Domenico Accili, MD
How will diabetes be treated in 2021, 100 years after the discovery of insulin? With selective insulin sensitizers, and by preventing beta-cell dedifferentiation in type 2 diabetes and producing insulin in the gut for type 1. All are basic research areas ripe for translation, according to Domenico Accili, MD, this year’s winner of the Banting Medal for Scientific Achievement.
Dr. Accili, the Russell Berrie Foundation Professor of Diabetes and Director of the Diabetes Research Center at Columbia University College of Physicians and Surgeons, laid out the course of future diabetes treatment Sunday morning during his Banting lecture.
“Early in my career, I matured the belief that research is a continuation of clinical care, driven by the realization that diseases won’t disappear of their own account,” Dr. Accili said. “Current treatments don’t modify or reverse the two key causes of the disease—insulin resistance and beta-cell dysfunction. We are now positioned to design new classes of drugs that will tackle the root causes of diabetes and consign the disease to the realm of medical curiosities, much the same way as polio or smallpox.”
When Dr. Accili, began his medical career, insulin action was a black box. He helped open the box, shifting the focus of insulin action research from the plasma membrane to the nucleus.
The discovery of the FOXO gene, which regulates insulin, leptin, hepatic glucose production, triglyceride synthesis, bile acid composition, beta-cell function, gut cell progenitor differentiation, atherogenesis, and endothelial function, provided the key. It was an obvious target.
Inhibiting FOXO decreases hepatic glucose production, but it also increases triglyceride synthesis with adverse effects on the heart, kidney, bone, and other systems. Dr. Accili’s lab screened a million small molecules to identify 15 FOXO inhibitors. Cellular assay found several that selectively increase insulin sensitivity without increasing de novo lipogenesis.
“We now know that selective reversal of insulin resistance should be possible,” Dr. Accili said. “This research is now ripe for transformative drug discovery.”
FOXO also regulates beta-cell function. What distinguishes individuals with insulin resistance who develop diabetes from those who do not is the innate susceptibility of beta cells to functional exhaustion. FOXO makes the difference.
Dr. Accili said beta-cell function in diabetes shows at least three abnormalities: impaired insulin response, a reduction in the number of beta cells, and an inappropriate glucagon response. FOXO links all three abnormalities, he said.

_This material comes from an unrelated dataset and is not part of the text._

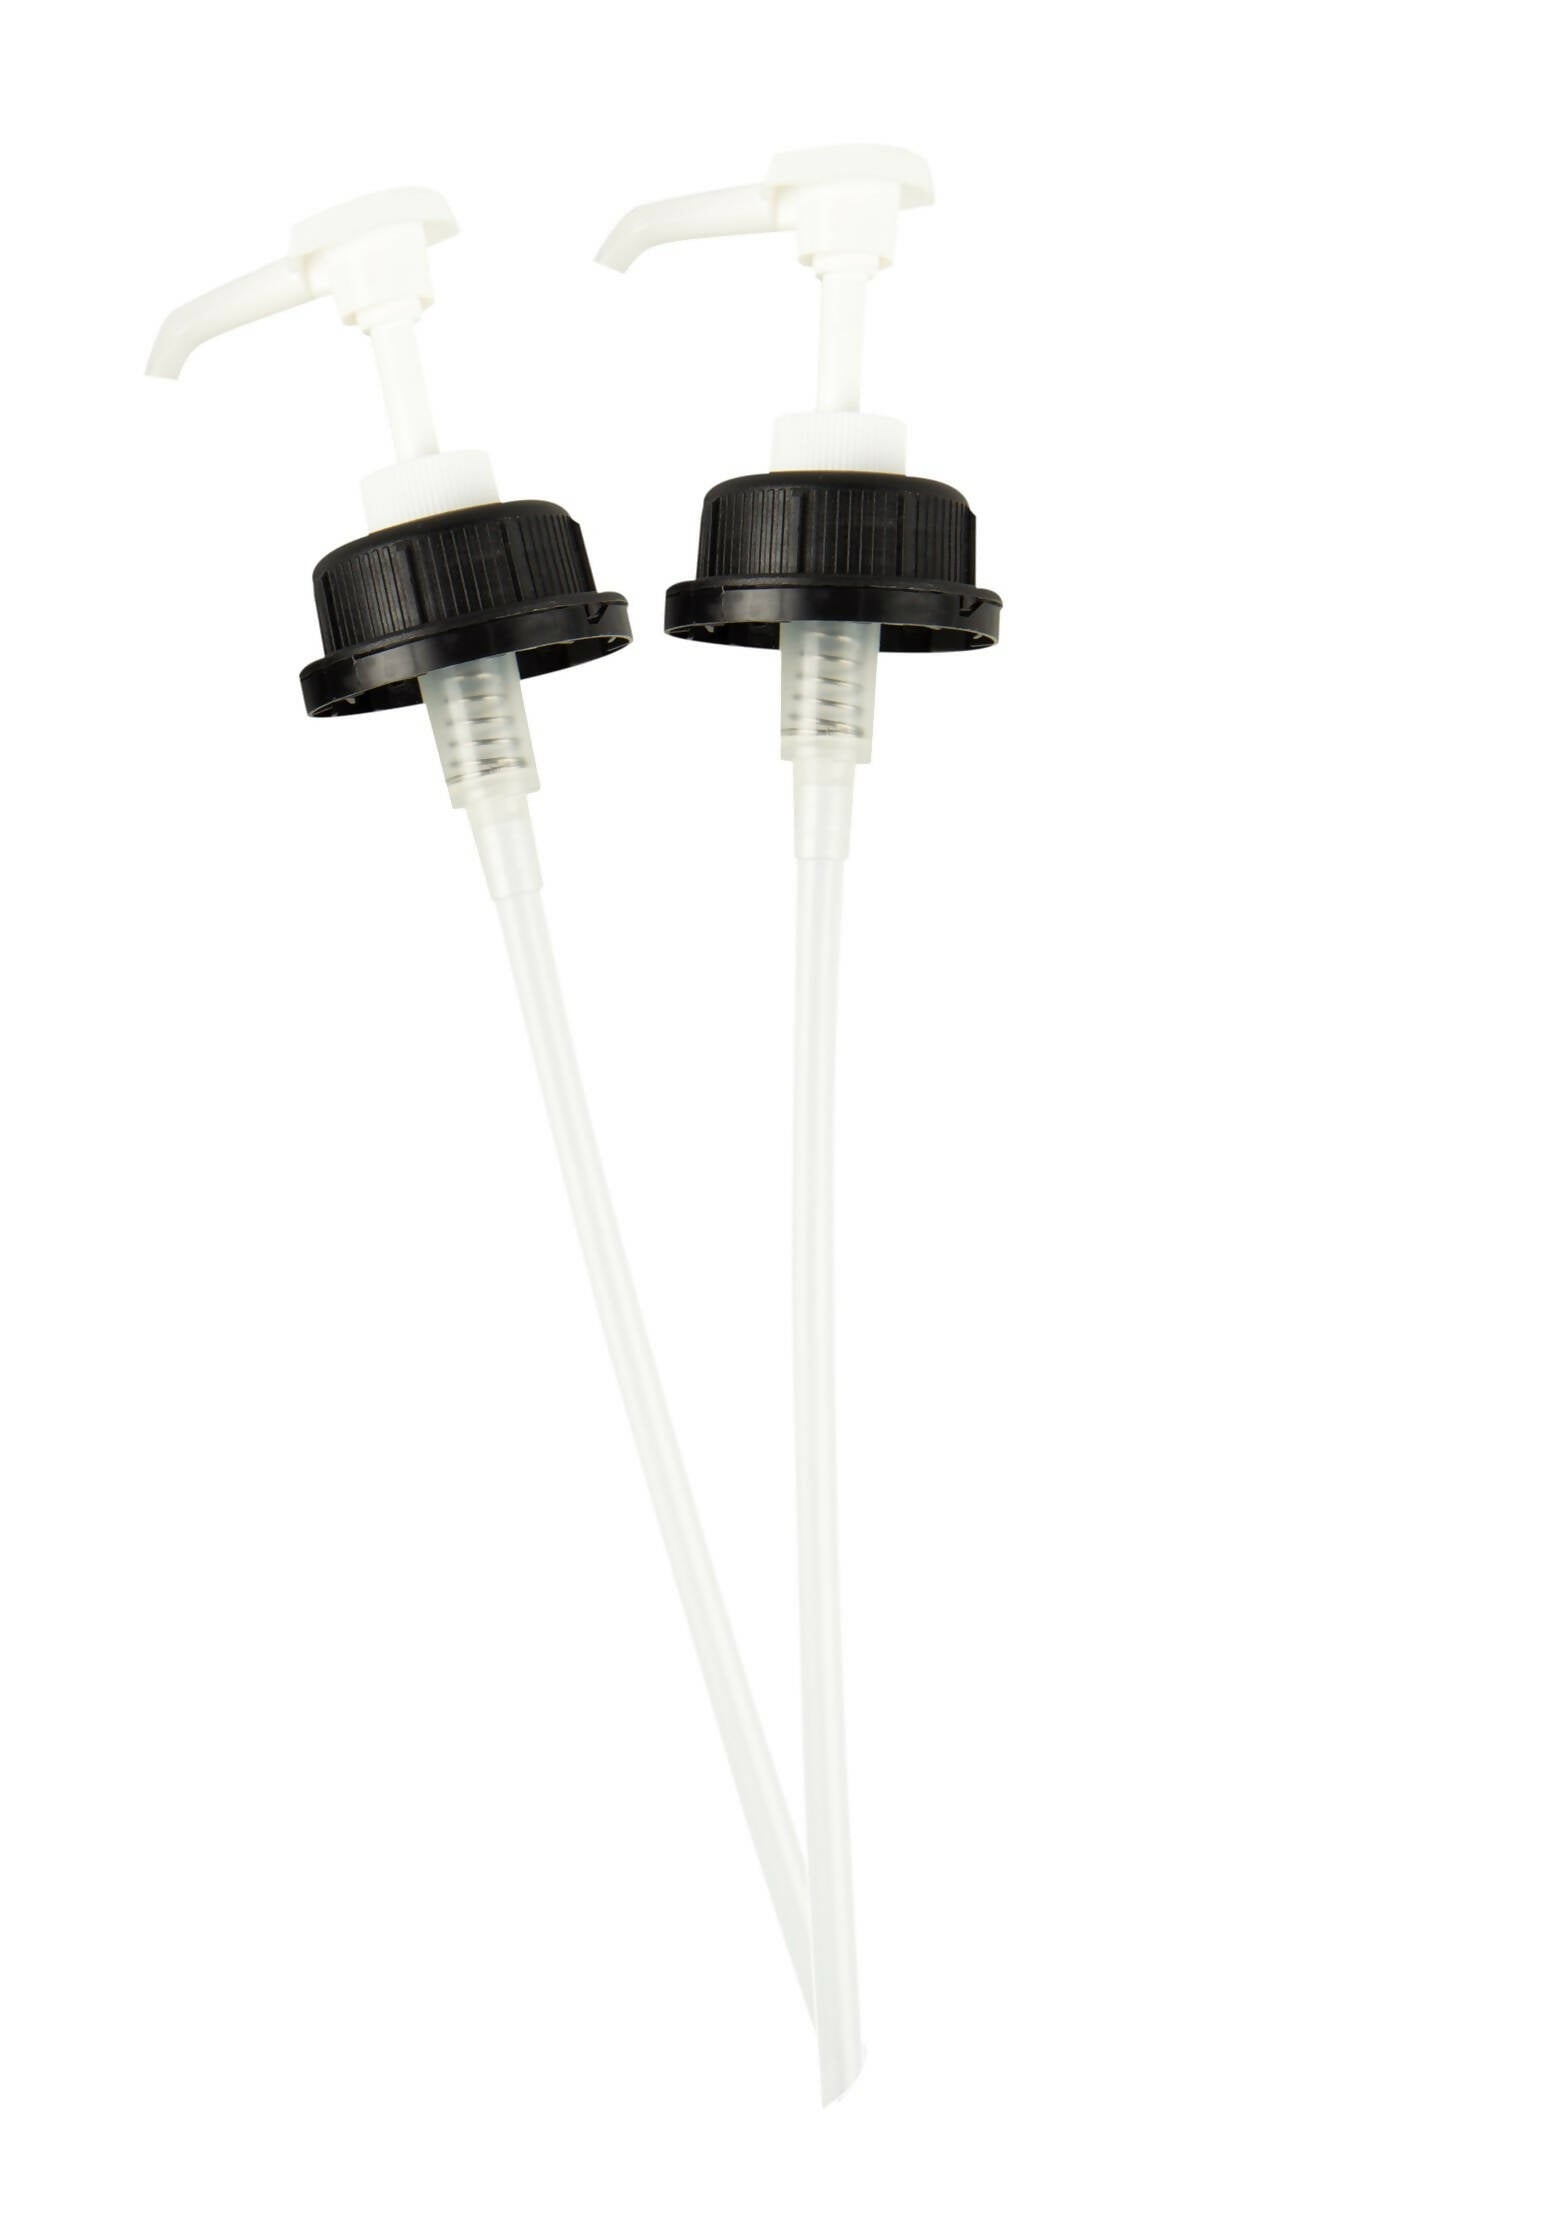 SORIFA - Set of 2 - Dosing pump for 5L SORIFA brand cans - For gels and liquid soaps.

Under stress from hyperglycemia, beta cells lose their ability to shift between glucose, amino acids, and lipids as substrates for mitochondrial oxidative phosphorylation. If fatty acid oxidation increases, FOXO is activated to prevent excessive lipid utilization and the resulting accumulation of toxic metabolites.

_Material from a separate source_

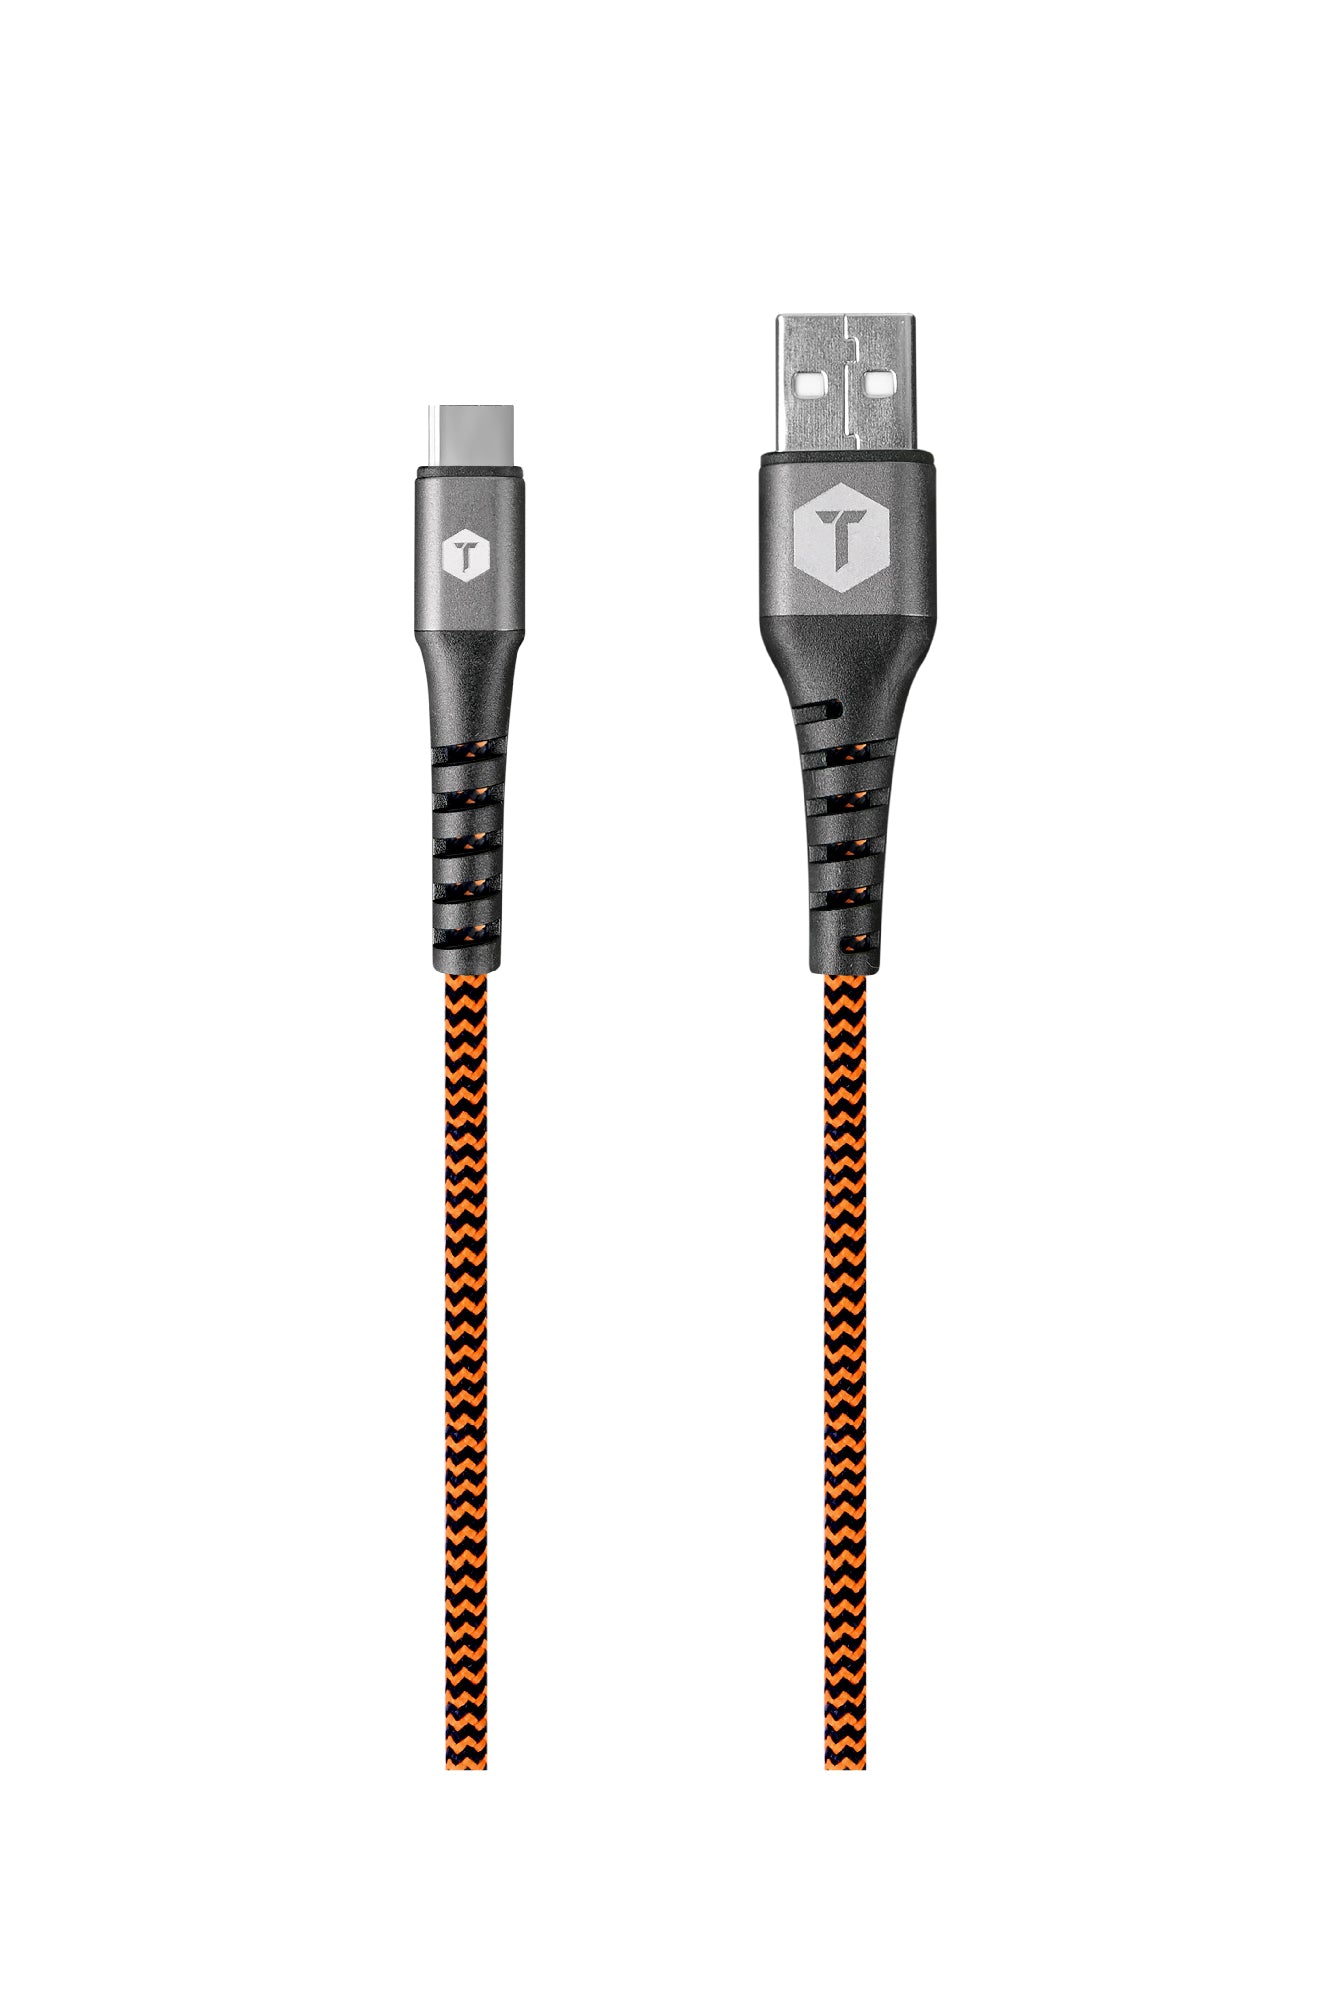 Braided 6 Ft. Power/Data USB-A to USB-C Cable

But FOXO is rapidly depleted if hyperglycemia is not resolved quickly. When hyperglycemia is chronic, beta cells increasingly turn to lipid oxidation, which eventually impairs insulin secretion.
Long-term lipid utilization also causes beta cells to lose their differentiated features, Dr. Accili said. They revert to a dedifferentiated state. Some beta cells convert to glucagon-producing cells, which may explain the hyperglucagonemia seen in diabetes, he explained.
The good news is that hyperglycemia does not kill beta cells, it simply silences them. It should be possible to revive and redifferentiate quiescent beta cells to restore normal biological activity.
“There’s a gene that has turned up in nearly every human genetic association study of diabetes and in virtually every ethnic group investigated,” Dr. Accili said. “We don’t know whether this is the key gene predisposing to beta-cell failure, but we need to identify pharmacologically actionable pathways for intervention.”